10. A training method of an image segmentation model comprises the following steps:

taking a plurality of training images as images to be identified, acquiring a target image reference region selected by a user aiming at a target object, and acquiring an image mask aiming at the target object by using the image mask identification method of any one of claims 1 to 9;

11. The method of claim 10, further comprising:

performing image segmentation processing by using the machine learning model to generate a segmentation processed result image;

in response to the correction operation of the result image by the user, acquiring a target image reference area selected by the user, taking the result image as the image to be recognized, and correcting the result image by using the image mask recognition method according to any one of claims 1 to 9.

12. The method of claim 11, further comprising:

acquiring an image mask for correcting the result image;

and taking the corrected image mask and the corresponding original image as training data, and training the machine learning model.

13. An apparatus for identifying an image mask, comprising:

14. The apparatus according to claim 13, wherein the means for performing image mask recognition according to the feature data of the image to be recognized after the weighted overlap-add processing, and generating a recognition result of the image mask comprises:

15. The apparatus of claim 14, wherein generating the recognition result of the image mask according to the weighted overlap-add processed intermediate prediction result comprises:

16. An apparatus for training an image segmentation model, comprising:

17. An electronic device, comprising:

a memory for storing a program;

a processor for executing the program stored in the memory to perform the image mask identification method according to any one of claims 1 to 9.

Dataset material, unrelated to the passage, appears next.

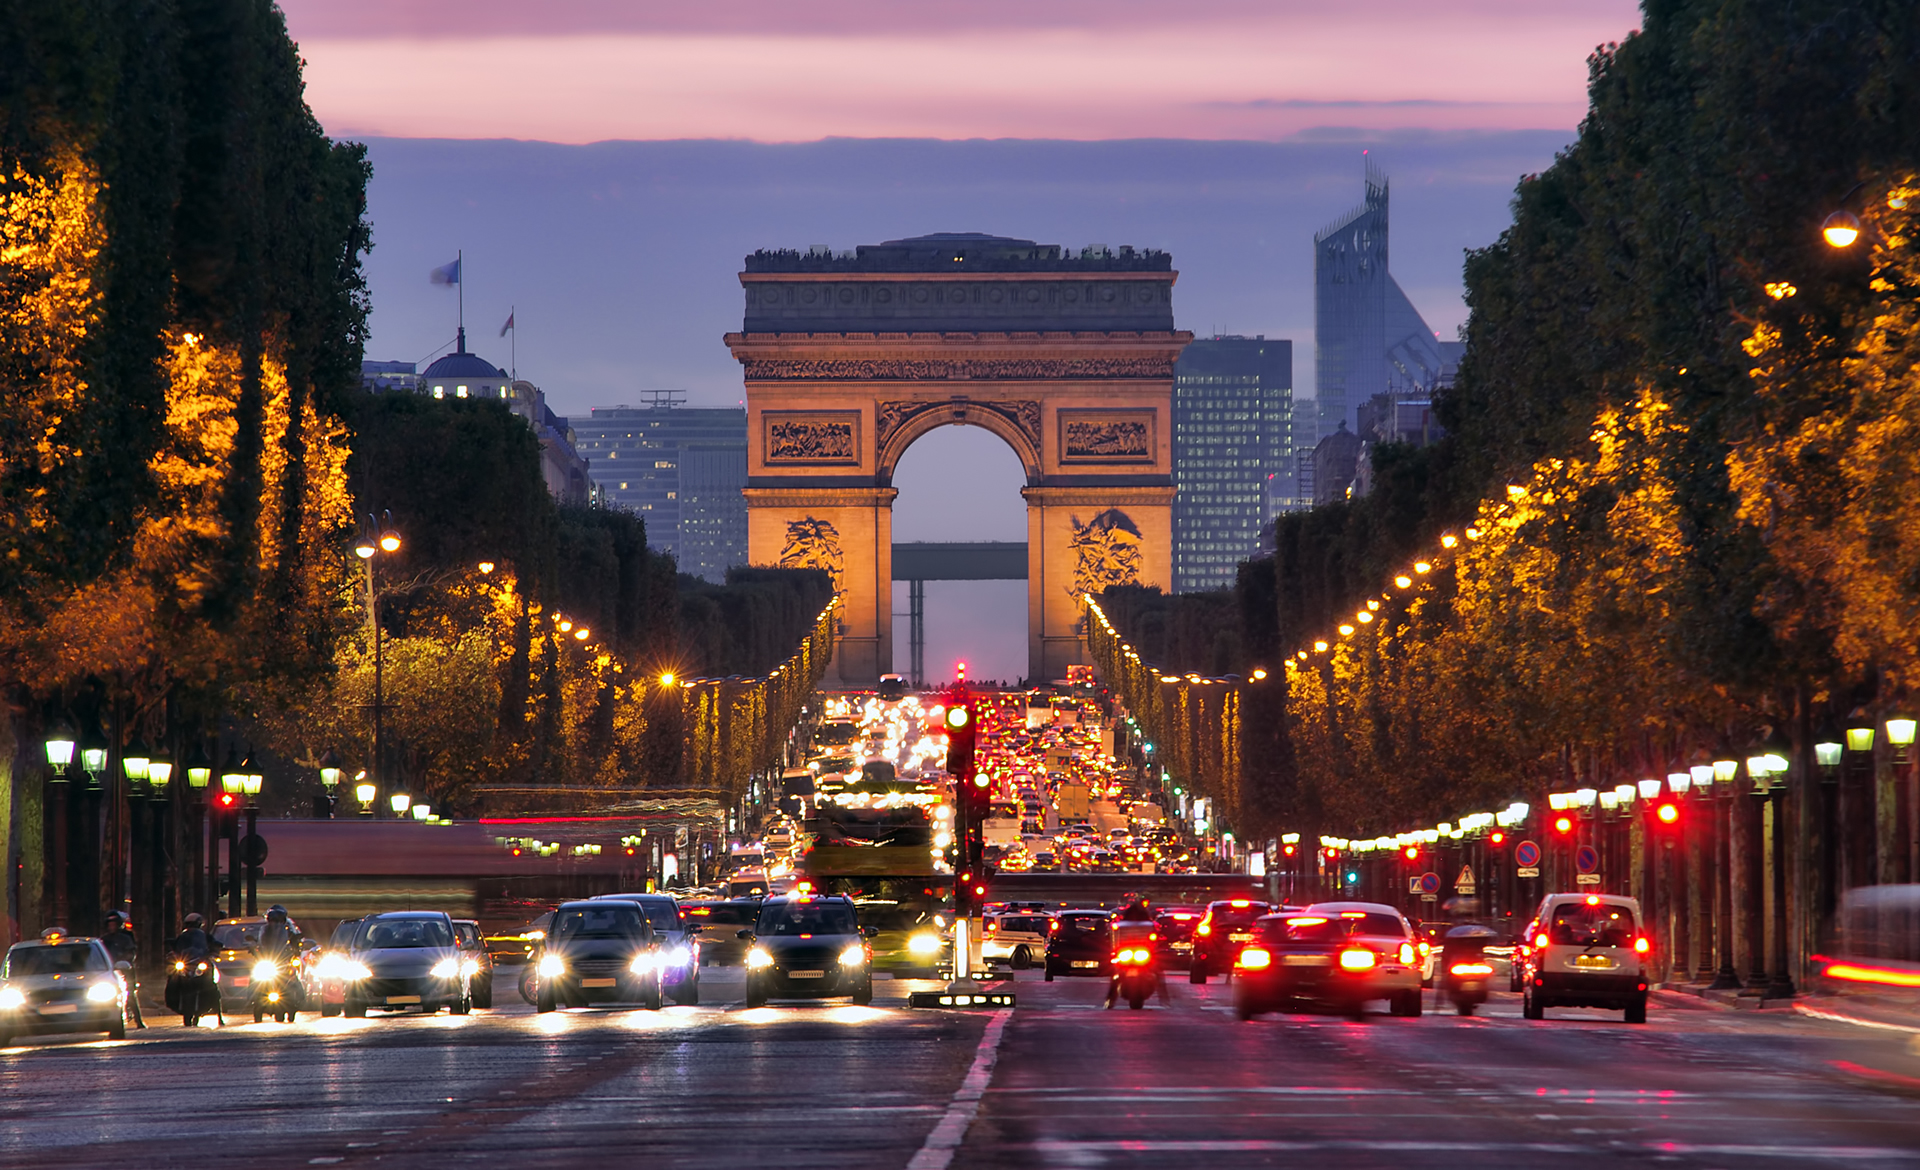 Champs Elysees / Arc of Triumph paris
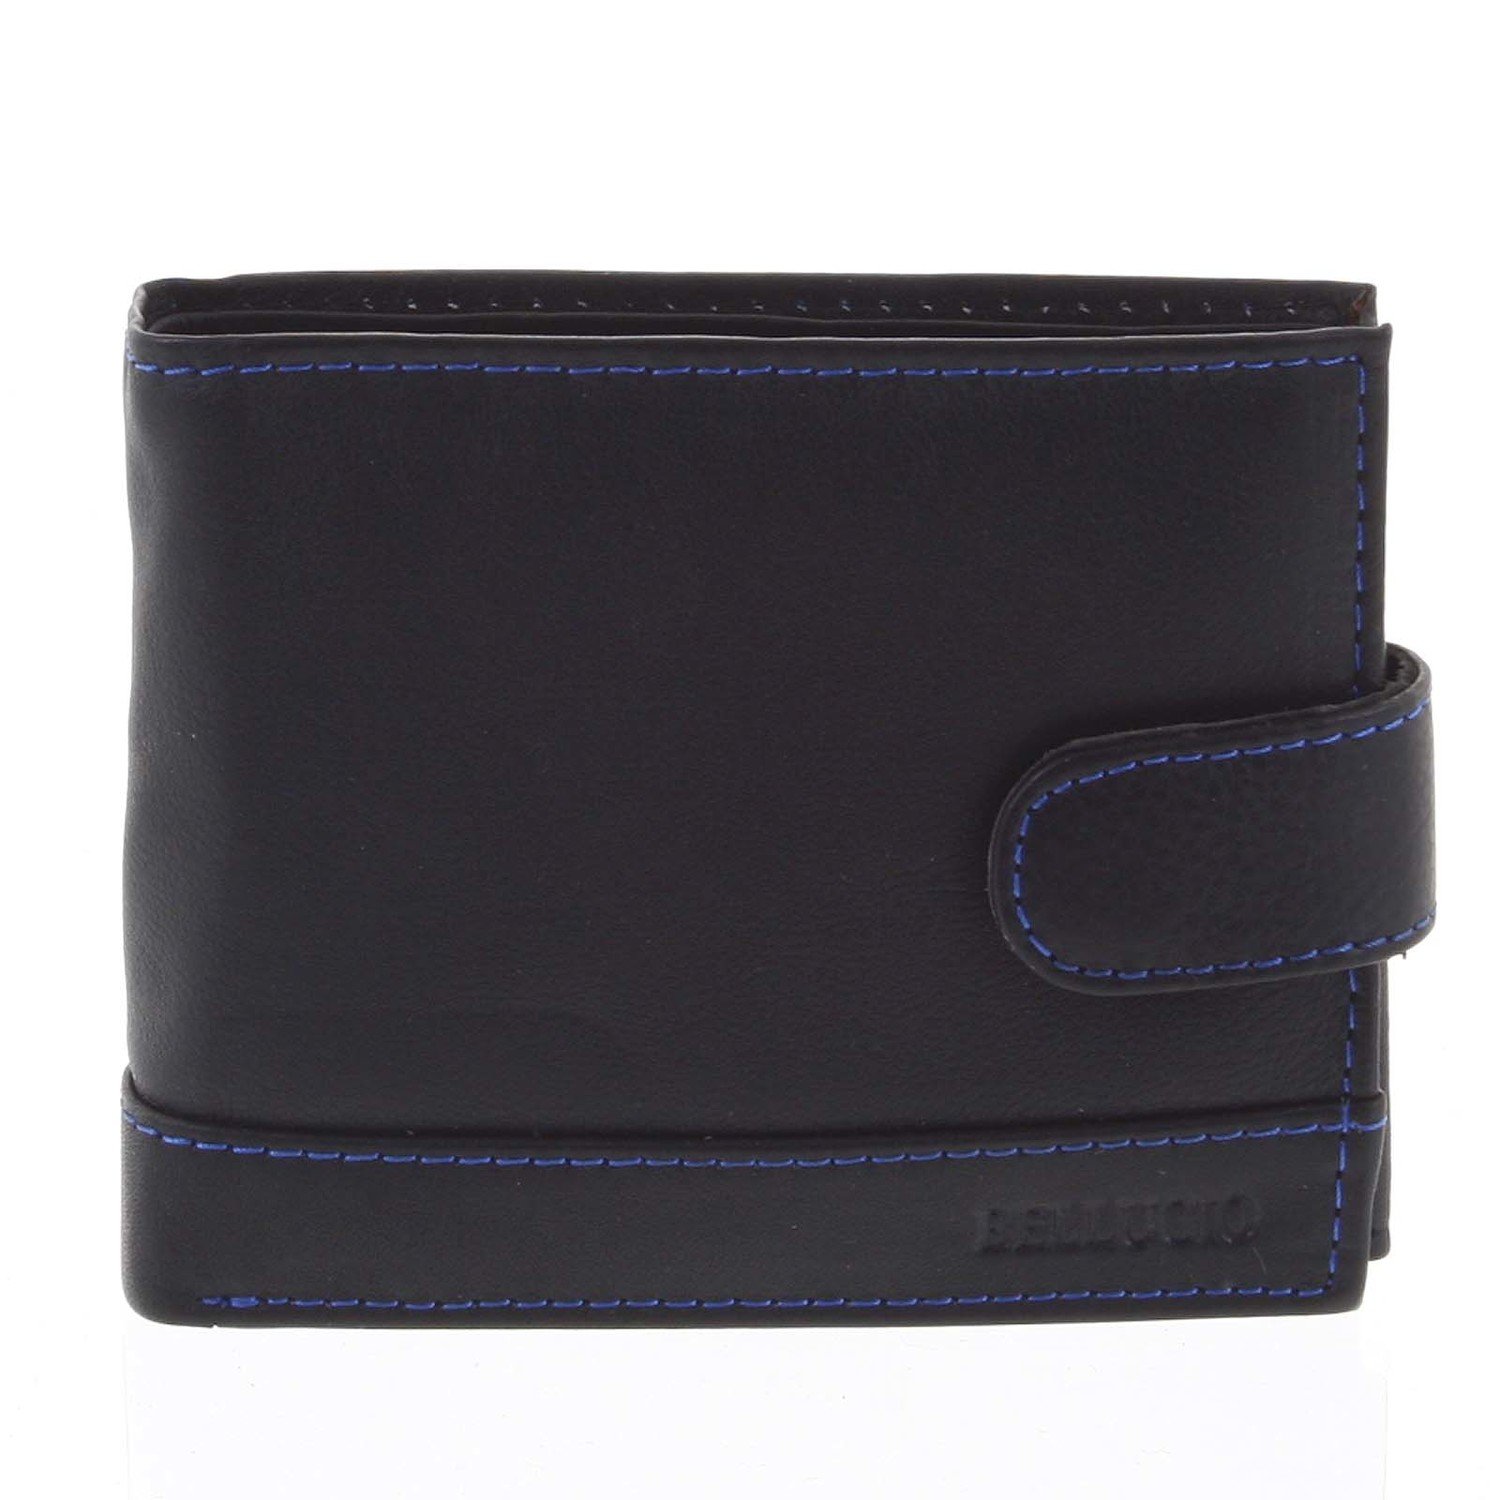 Pánská kožená peněženka černá - Bellugio Brys černá

18. An electronic device, comprising:

a memory for storing a program;

a processor for executing the program stored in the memory to perform the method of training an image segmentation model according to any one of claims 10 to 12.

19. An image matting method comprising:

20. The method of claim 19, further comprising:

and taking the new target image and the corresponding original image as training data, and training the image segmentation model.

21. An electronic device, comprising:

a memory for storing a program;

a processor for executing the program stored in the memory to perform the image matting method of claim 19 or 20.